Profile wikifeeds memory usage for Helm chart
Closed, ResolvedPublic
Actions

Assigned To

Authored By

	• Mholloway
	Jul 29 2019, 10:14 PM

Description

We need to profile the new wikifeeds service's memory usage in order to get appropriate values to specify in the relevant fields of the Helm chart.

See the example here: T220401#5128786

Details

	Subject	Repo	Branch	Lines +/-
	Add ca-certificates package to build	mediawiki/services/wikifeeds	master	+1 -0
	First version of the wikifeeds chart	operations/deployment-charts	master	+572 -78

Customize query in gerrit

Related Objects
Search...

Status	Assigned	Task
Resolved	None	T169242 Develop Page Content Service for Reading Clients
Resolved	• Mholloway	T229286 Resolve service instability due to excessive event loop blockage since starting PCS response pregeneration
Resolved	• Mholloway	T170455 Extract the feed endpoints from PCS into a new wikifeeds service
Resolved	MSantos	T229287 Profile wikifeeds memory usage for Helm chart

Event Timeline

• Mholloway renamed this task from Profile wikifeeds to Profile wikifeeds memory usage for Helm chart.Jul 29 2019, 10:14 PM

• Mholloway triaged this task as High priority.

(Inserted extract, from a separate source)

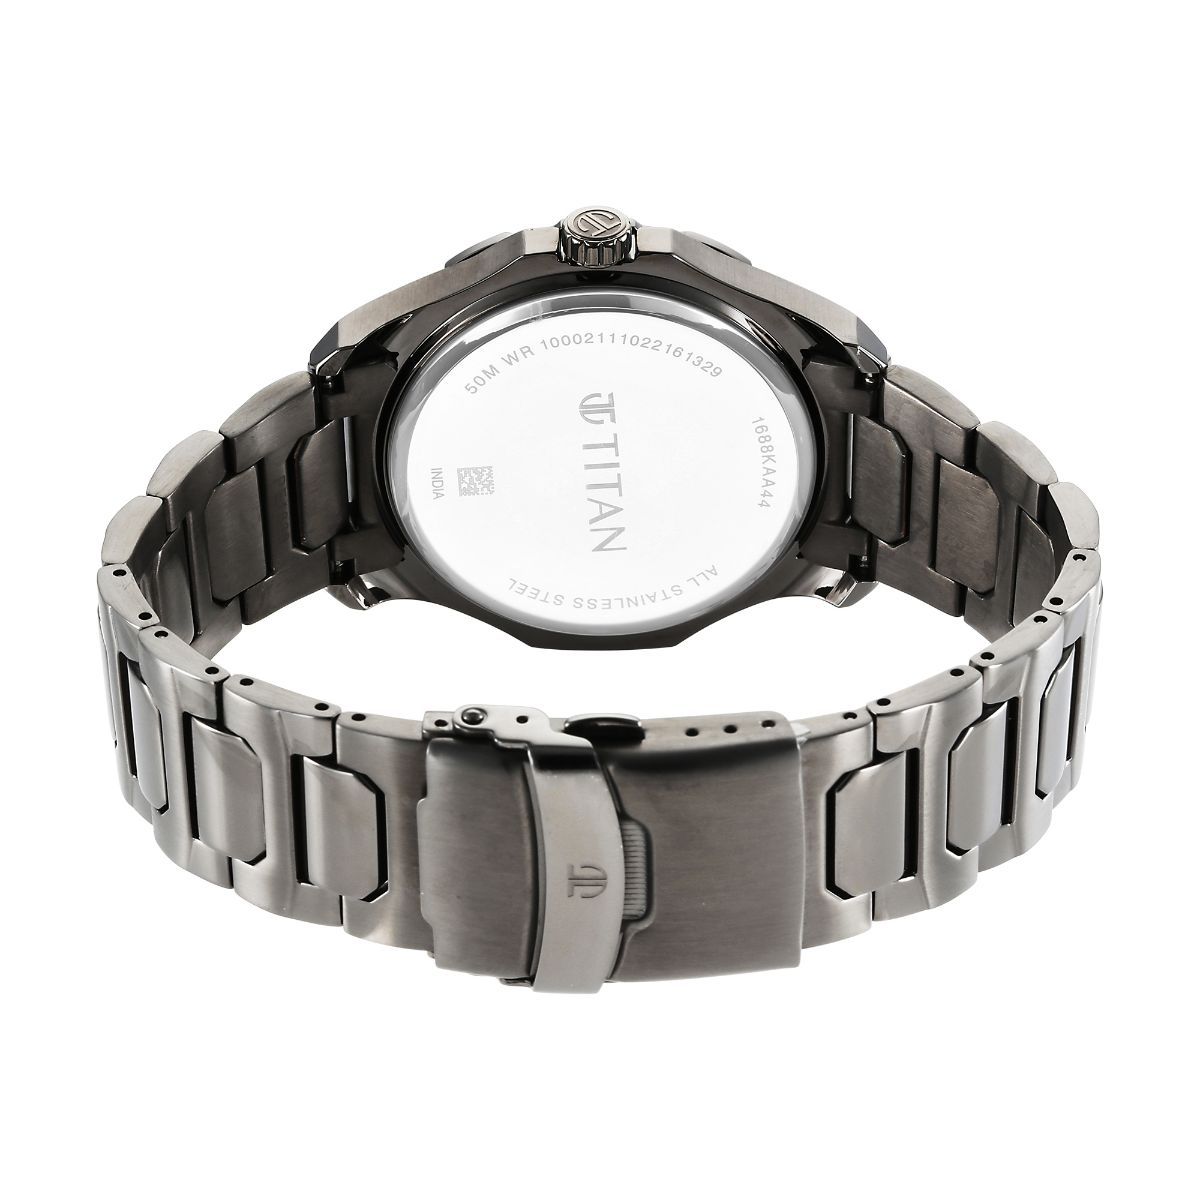 Titan Regalia Opulent IV Round Shape Men Watch - 1875YM01 Helios Watch  Store.

• Mholloway created this task.

• Mholloway assigned this task to MSantos.Jul 30 2019, 4:34 PM

Change 526679 had a related patch set uploaded (by MSantos; owner: MSantos):
[operations/deployment-charts@master] WIP: First version of the wikifeeds chart

https://gerrit.wikimedia.org/r/526679

gerritbot added a project: Patch-For-Review.Jul 31 2019, 2:14 PM

• Mholloway mentioned this in T229286: Resolve service instability due to excessive event loop blockage since starting PCS response pregeneration.Jul 31 2019, 6:30 PM

MSantos moved this task from To Do to Doing on the Product-Infrastructure-Team-Backlog-Deprecated (Kanban) board.Jul 31 2019, 6:57 PM

@akosiaris I'm pasting here some of the questions I sent to you by email regarding the similar work you did with Kask:

Did you profile Kask locally or in the prod server? I see that you used Grafana and that made me wonder.
If you did locally, did you use helm-charts development environment?
If you did in the server, could you explain me (or point to proper documentation) how to do it?

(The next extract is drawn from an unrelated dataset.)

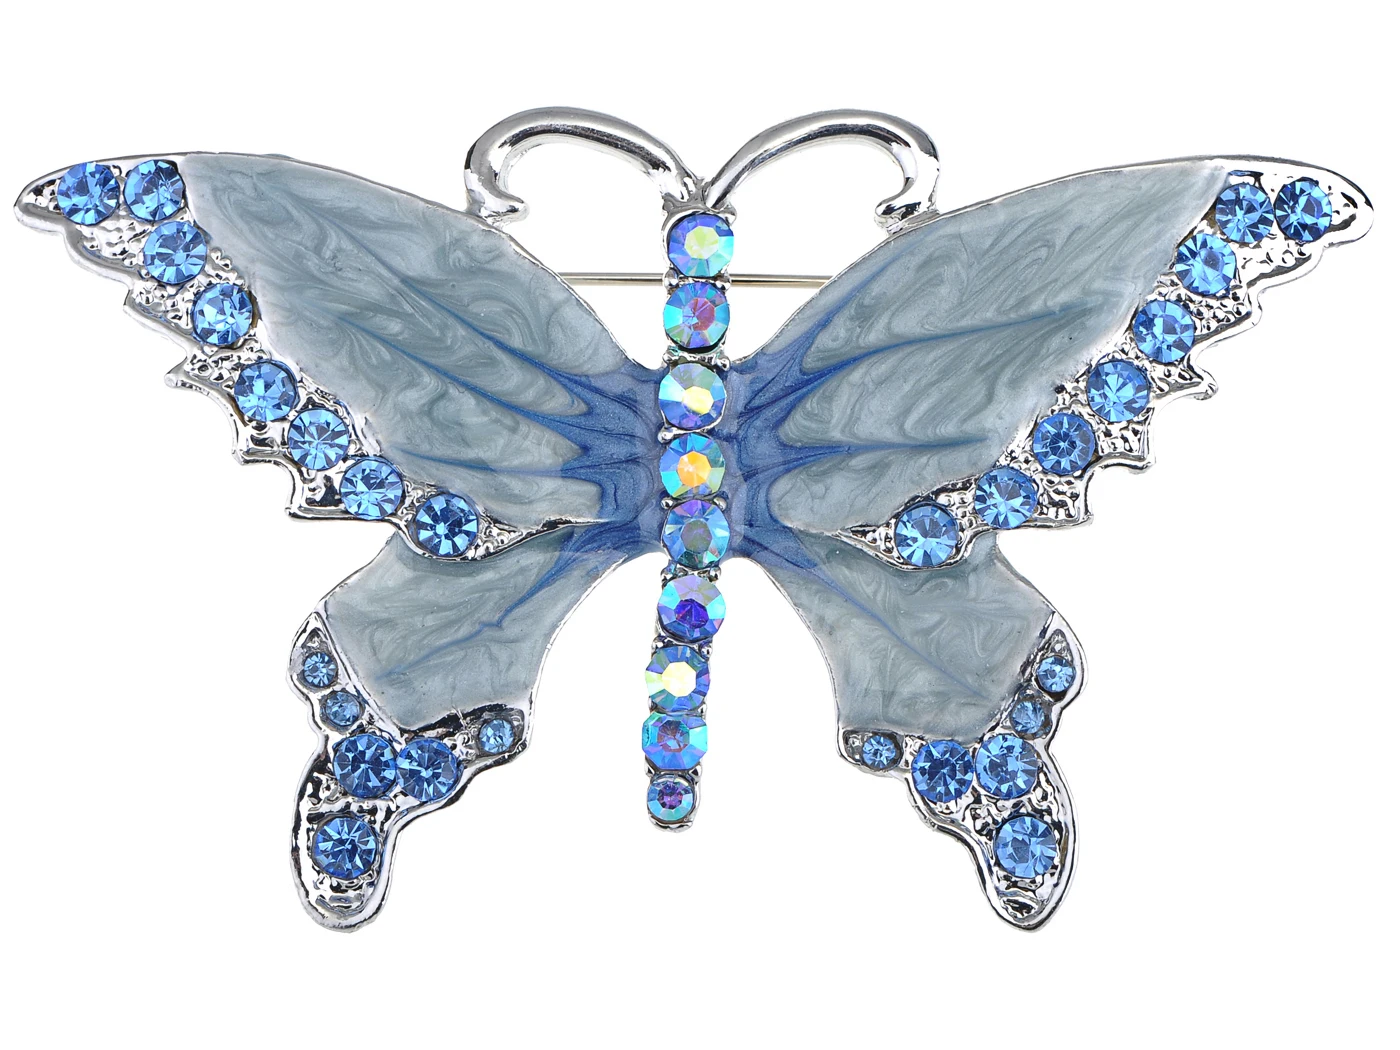 

Серебристый цвет, Aurora Borealis сапфировый синий кристалл разразы эмалированная брошь с бабочкой Pin

For posterity's and transparency's sake, pasting the answer I already gave to @MSantos via email

I 've written the following as a guide on how to do that

https://wikitech.wikimedia.org/wiki/User:Alexandros_Kosiaris/Benchmarking_kubernetes_apps

It should be pretty straightforward to follow it, unless you have a
ton of endpoints to benchmark against. In that case, I suggest having
a look at http://locust.io as it can make benchmarking way easier than ab,
assuming some reading and some basic python knowledge (in fact the
graphs in T229287 are based on
that).

But to answer questions specifically as well

Did you profile Kask locally or in the prod server? I see that you used Grafana and that made me wonder.

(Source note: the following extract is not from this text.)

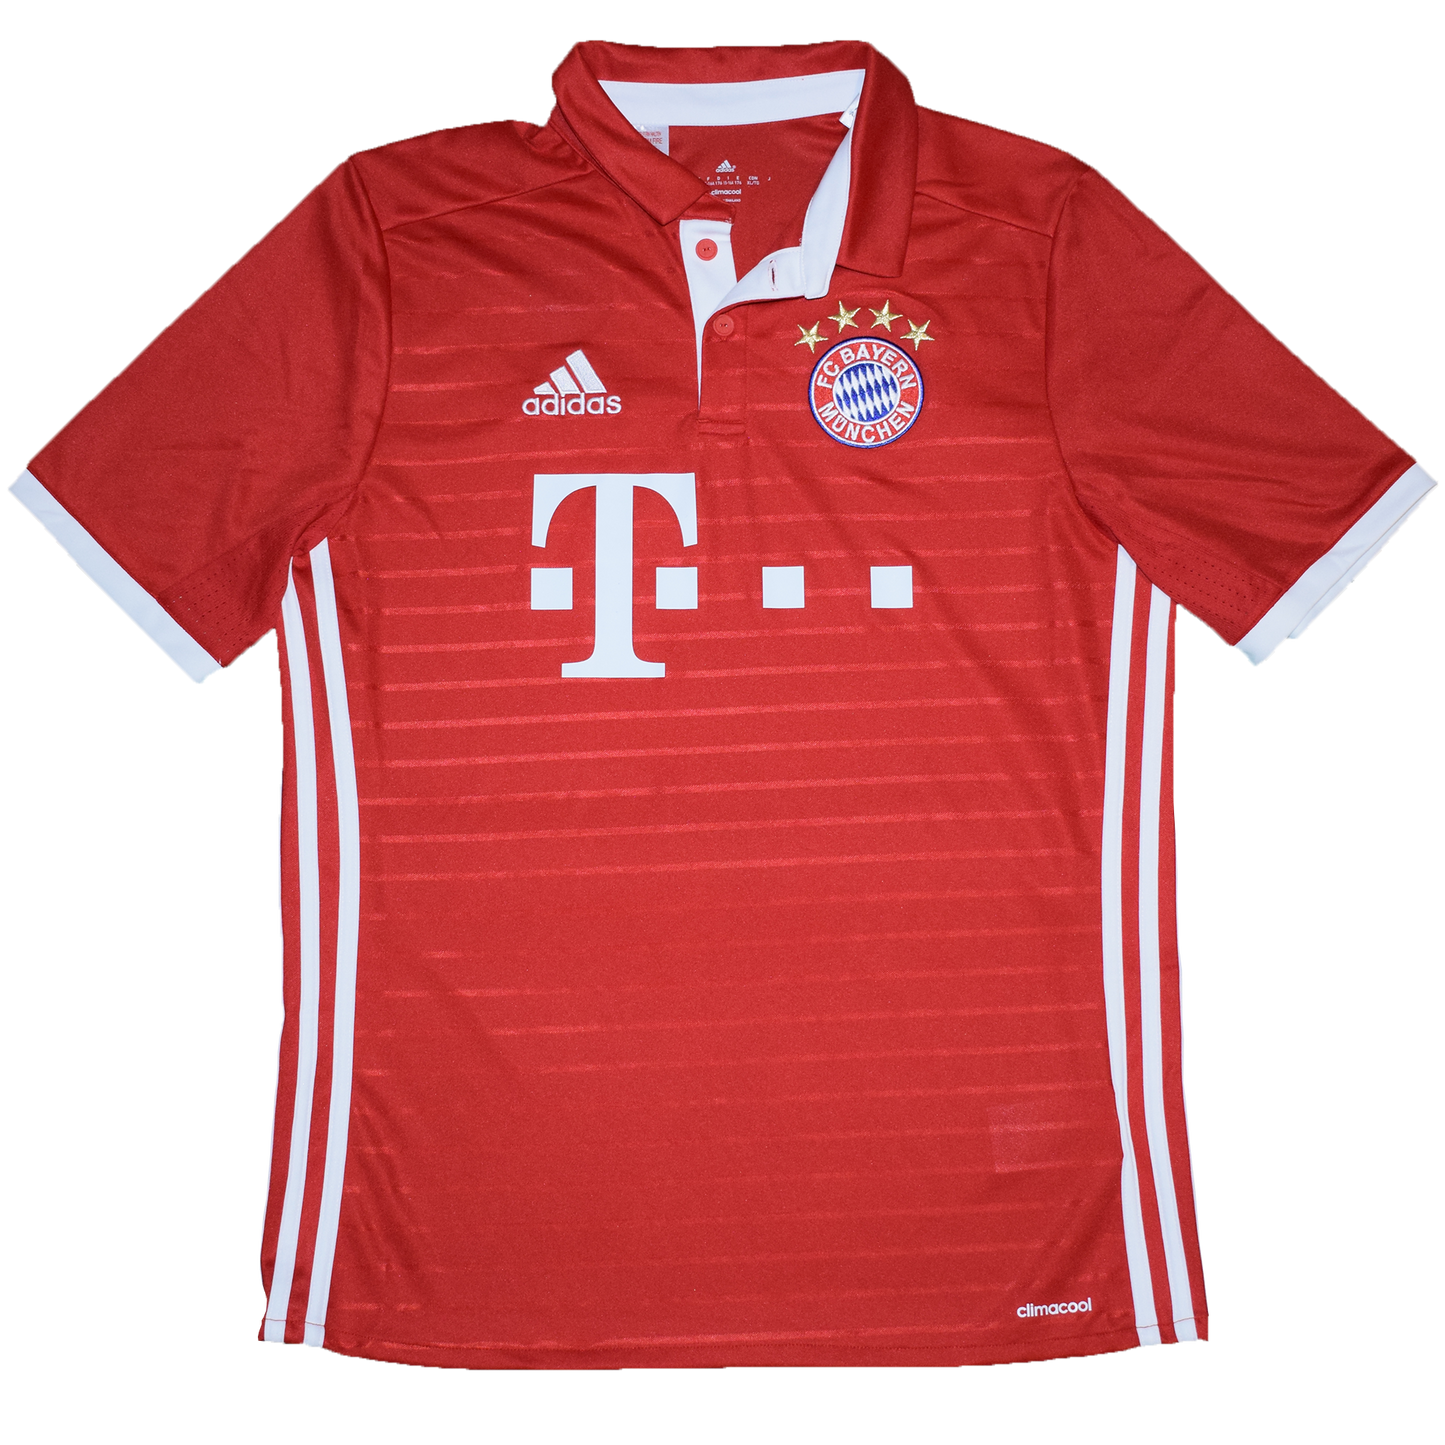 Bayern München 2016/17 Home kit YXL (Kids)

Locally in minikube, which has grafana built-in (it's the heapster
addon you see there mentioned)

If you did locally, did you use helm-charts development environment?

nope, just minikube with a local checkout of the deployments charts
repo in order to speed up debugging (i.e. cd charts/wikifeeds ; helm
install --set key1=value .)

If you did in the server, could you explain me (or point to proper documentation) how to do it?

I sure hope the link above helps. It's meant to be moved into a more
proper place this quarter

Thanks for handling this @MSantos

Thanks @akosiaris! The tutorial really helped me with the setup.

I am now facing an odd issue that seems related to the k8s instance I'm running. When hitting some endpoints I got the following error:

{
  status: 504,
  type: "internal_http_error",
  detail: "Error: unable to get local issuer certificate",
  method: "post",
  uri: "https://en.wikipedia.org/w/api.php"
}

It looks like a service-runner requirement that is missing, @akosiaris do you have any ideas why this could be happening? cc/ @Pchelolo

In T229287#5384518, @MSantos wrote:
I am now facing an odd issue that seems related to the k8s instance I'm running. When hitting some endpoints I got the following error:
{
  status: 504,
  type: "internal_http_error",
  detail: "Error: unable to get local issuer certificate",
  method: "post",
  uri: "https://en.wikipedia.org/w/api.php"
}
It looks like a service-runner requirement that is missing, @akosiaris do you have any ideas why this could be happening? cc/ @Pchelolo

It can't verify the issuer for our certificate cause there aren't any CA certificates at all in the image.
Add ca-certificates to apt packages for the production variant (at the very least) on the blubber file, like in 1e61ca7d665.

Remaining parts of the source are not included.